Оно зачтётся непременно
И тем, кому грозит геенна.
О если б я и все, кем помыслы полны,
Для рая были рождены. Аминь.
Иногда:
Пусть на земле и грязь и чад,
А всё же солнца чист закат.
Хочу я чистым быть, доколе
Дано мне жить в земной юдоли. Аминь.
Или наконец:
Кто за ближних просит, тот
И самого себя спасёт,
Эхо за всех готов просить,
Чтоб милость божью заслужить. Аминь.
Последнее я слышал своими ушами, хотя он, думается, не заметил моего присутствия.
— Что ты скажешь об этой богословской спекуляции? — спросил меня Адриан, когда мы вышли из комнатки Эхо. — Он молится за всё творение, но так, чтобы и себя сопричислить к блаженным. Или молельщику положено знать, что, молясь за других, он служит и себе? Ведь от бескорыстия ничего не остаётся, когда ты догадываешься, что оно тебе на пользу.
— В какой-то мере ты прав, — отвечал я. — Но он всё равно остаётся бескорыстным, молясь за всех нас, тогда как мог бы молиться лишь за себя.
— Да, за всех нас, — тихонько проговорил Адриан.
— Но мы с тобой рассуждаем так, словно он сам выдумал все эти стишки.

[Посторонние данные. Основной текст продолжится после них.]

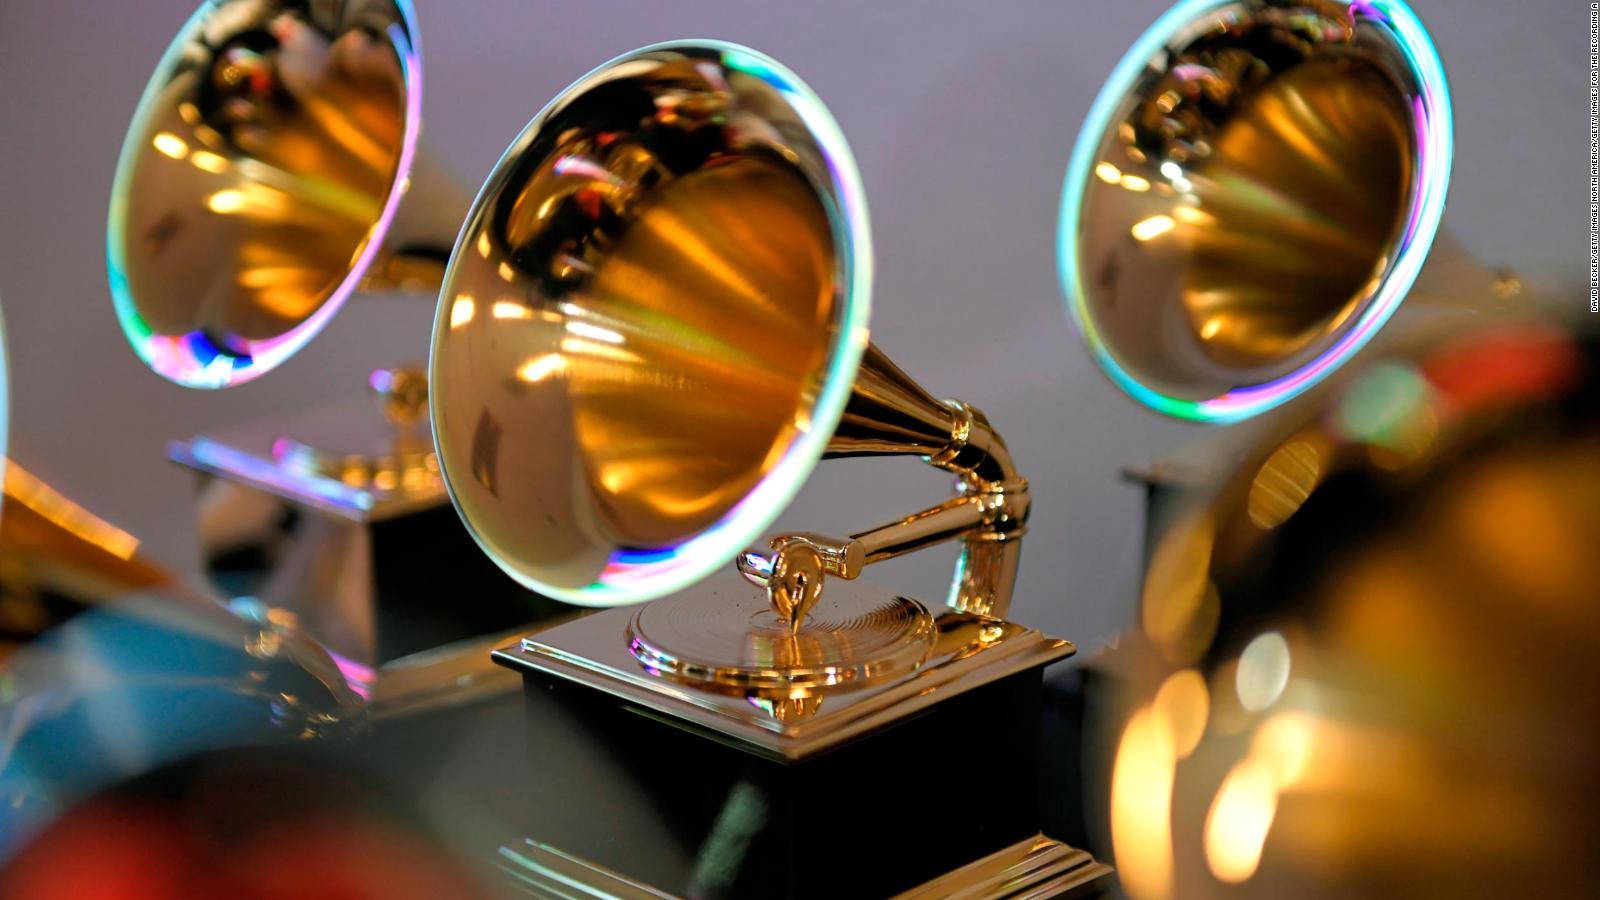 Los 5 artistas que más premios Grammy han ganado en la historia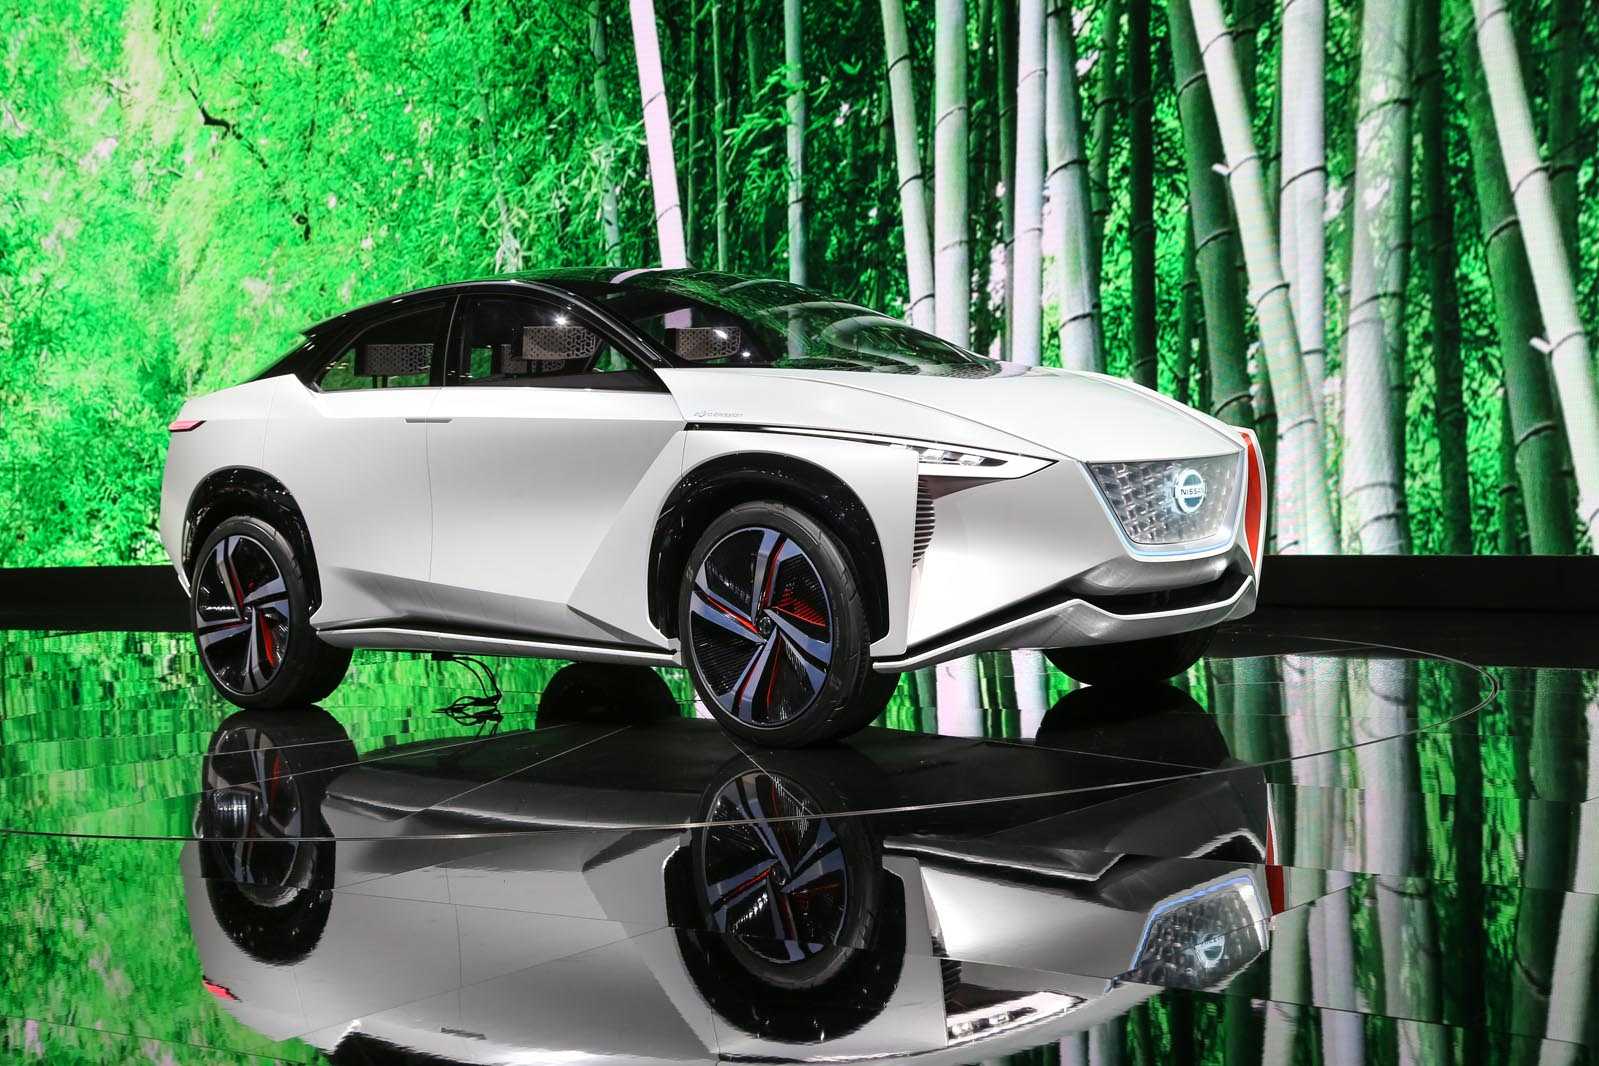 Nissan объявляет о наступлении новой эры дизайна и динамичности, представляя два электромобиля на автосалоне в токио

Ты интересовался, откуда они у него? От отца или от кого-нибудь ещё?
Ответ гласил:
— О нет, я предпочитаю оставлять этот вопрос открытым. Да он, верно, и не мог бы на него ответить.
Того же мнения, надо думать, держались и хозяйки хутора. Насколько мне известно, и они никогда не расспрашивали малыша, что это за молитвы и кто его научил им. От них я и узнал те, которых мне не довелось самому слышать из уст мальчика. Они пересказали мне их, когда Непомука Шнейдевейна уже не было среди нас.
Он был взят от нас, взято было из этого мира необычно прелестное создание! Ах, бог ты мой, да что я подыскиваю слова помягче для непостижимого ужаса, которому был свидетелем, для жестокости, которая поныне гневом и горечью испытует моё сердце. Со страшной, дикой яростью закогтила и в несколько дней унесла его болезнь, ни одного случая которой давно уже не было зарегистрировано в округе, хотя добрейший доктор Кюрбис, совершенно подавленный таким неистовым её проявлением, и сказал, что дети, выздоравливающие после кори или коклюша, бывают особенно подвержены ей.
Начиная с появления первых симптомов, всё это произошло за какие-нибудь две недели, и в первую из них никто ещё — кажется, никто! — не предчувствовал рокового, страшного оборота. Была середина августа, и на полях Пфейферинга с помощью наёмных работников убирали урожай. В течение двух месяцев Непомук был радостью всего дома. Насморк затуманил сладостную ясность его глаз; и что же, как не это досадное недомогание, лишило его аппетита, сделало раздражительным и увеличило сонливость, к которой он и без того был склонен. «Буде», — говорил он, что бы ему ни предлагали: кушать, играть, смотреть картинки, слушать сказки. «Буде», — личико его искажалось жалостной гримасой, и он отворачивался. Вскоре Эхо стал болезненно реагировать на свет и звук, что внушало уже больше тревоги, чем прежнее вялое состояние. Шум въезжающих во двор телег и людские голоса угнетали его. «Говорите потише», — просил он и сам шептал, словно подавая пример. Даже тихих мелодий музыкальной шкатулки он не захотел слушать, скоро-скоро проговорил своё «буде», остановил завод и горько заплакал. Также бежал он от солнечного света тех жарких летних дней, забивался в комнату, сидел там согнувшись и тёр себе глаза. Непереносимо было смотреть, как, ища спасения, переходил он из одних любящих рук, в другие, прижимался к надёжной груди и снова отходил, безутешный. Он льнул к матушке Швейгештиль, к Клементине, к Вальпургии, гонимый всё тем же чувством, несколько раз являлся к дяде. Он его обнимал, слушая слова ласки и привета, смотрел на него своими небесно-голубыми глазами, даже слегка улыбался, но потом головка его начинала клониться всё ниже и ниже, он бормотал «ночи», вставал и, пошатываясь, выходил из комнаты.